2.2 Cardiopulmonary and laboratory tests

Pulmonary function tests are also routinely used in sarcoidosis for early diagnosis and follow-up. They include the evaluation of forced vital capacity (FVC), forced expiratory volume in one second (FEV1), the total lung capacity determination (TLC), vital capacity (VC), residual volume (RV) associated with body plethysmography, and a carbon monoxide diffusion capacity test of the lungs for carbon monoxide (DLCO).

Sarcoidosis is commonly considered a restrictive disorder, but more recent studies are demonstrating some opposite results.

Restrictive disorders (infiltrative) are characterized by a reduction in lung volume, with difficult in taking air inside the lungs and decreased total lung capacity. Other restrictive disorders are chest wall disorders (neuromuscular, e.g., polio, kyphoscoliosis, pleural disease, and severe obesity); chronic interstitial and infiltrative disease (pulmonary fibrosis, pneumoconioses, granulomatous diseases, pulmonary eosinophilia, and pulmonary alveolar proteinosis); Acute diseases (ARDS and infections).

Typical symptoms are dyspnea, tachypnea, end inspiratory crackles without airway obstruction, honey-comb lung, secondary pulmonary hypertension, and cor pulmonale.

In restrictive pulmonary disease, lung volume is decrease, but flow rate is normal as follows:

  • TLC decrease;

  • RV decrease;

  • FEV1 decrease;

  • FVC decrease;

  • FEV1/VC is equal to or more than 70%;

  • DLCO decrease; and

  • compliance decrease.

Usually, a significant correlation between radiological stage and pulmonary function tests is found.

Cardiopulmonary exercise testing (CPET) is another useful tool to identify and quantify the extent of pulmonary involvement and also may suggest cardiac involvement that otherwise is not evident [2]. It provides an integrative assessment of involving the pulmonary, cardiovascular, muscular, and cellular oxidative systems and involves measurements of gas exchange as follows:

  • primarily oxygen uptake (VO2): VO2 at maximal exercise (peak VO2) is considered the best index of aerobic capacity and cardiorespiratory function;

  • carbon dioxide output (VCO2);

  • minute ventilation; and

  • anaerobic threshold (lactic acid).

In patients who have normal gas exchange at rest, CPET unmasks the gas exchange abnormalities.

Laboratory tests can identify some serum abnormalities as high blood calcium with a normal parathyroid hormone level and hypercalciuria, or elevated levels of angiotensin converting enzyme (ACE) in the blood [1].
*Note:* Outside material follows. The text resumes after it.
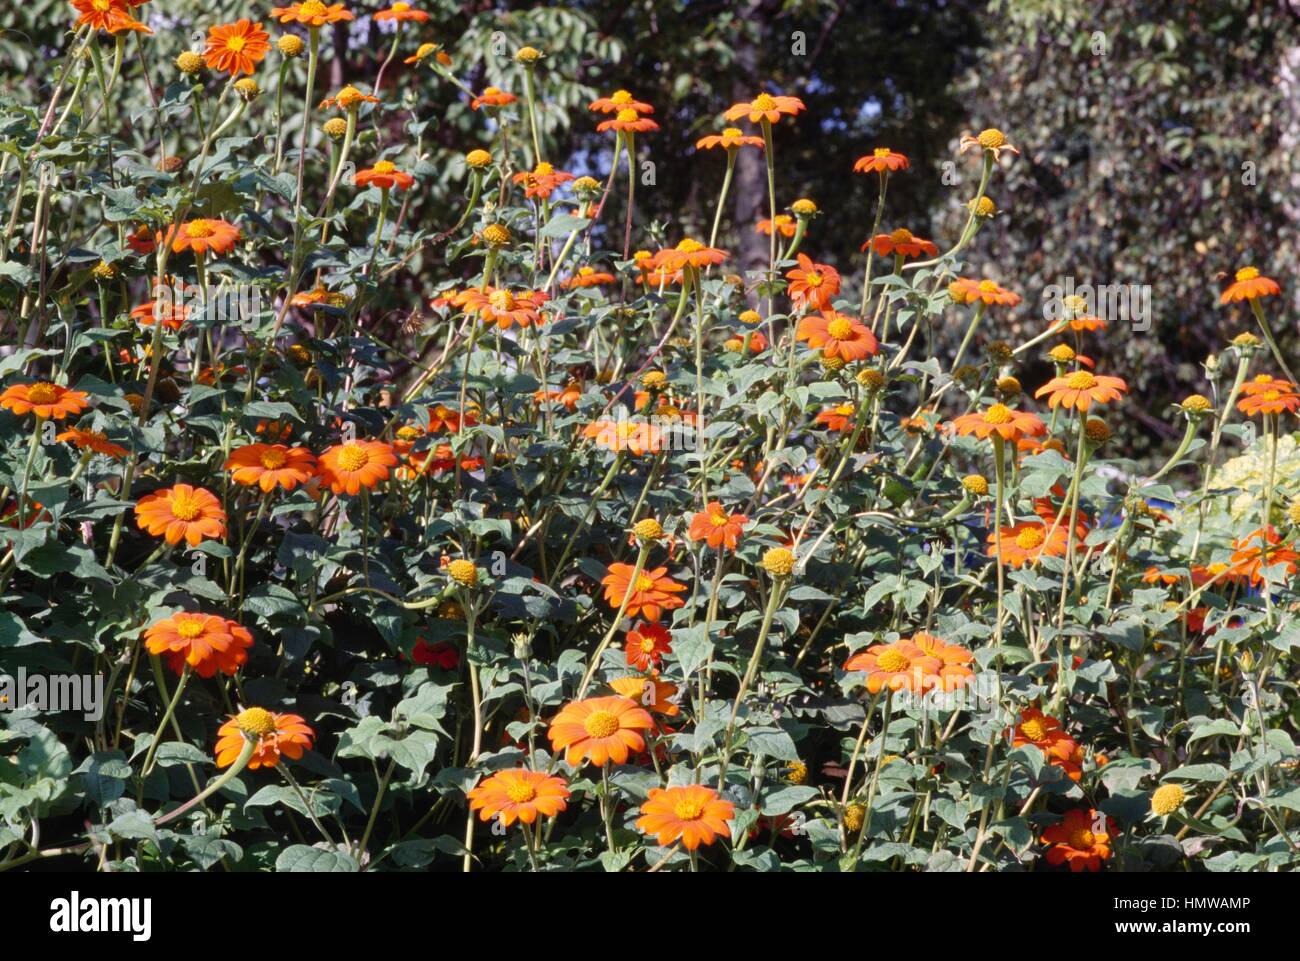 Mexican Sunflower (Tithonia rotundifolia or Titonia speciosa), Asteraceae. Stock Photo

FDG-PET is a metabolic imaging technique and provides an insight into metabolism of this disease. It relies on the principle of increased accumulation and metabolism of glucose by the malignant or inflammatory areas. FDG is a radioactive analog of glucose that enters cells through the same receptors that are involved in glucose uptake and gets converted into FDG 6 phosphate by the enzyme hexokinase, similar to glucose metabolism by the glycolytic pathway. FDG 6 phosphate is not metabolized further and gets entrapped in the cell. Tissues with high glucose metabolism such as brain tissue gray matter, cancer cells, and inflammatory changes show increased fluorine – 18 fluorodeoxyglucose ((18) F-FDG) accumulation on PET imaging.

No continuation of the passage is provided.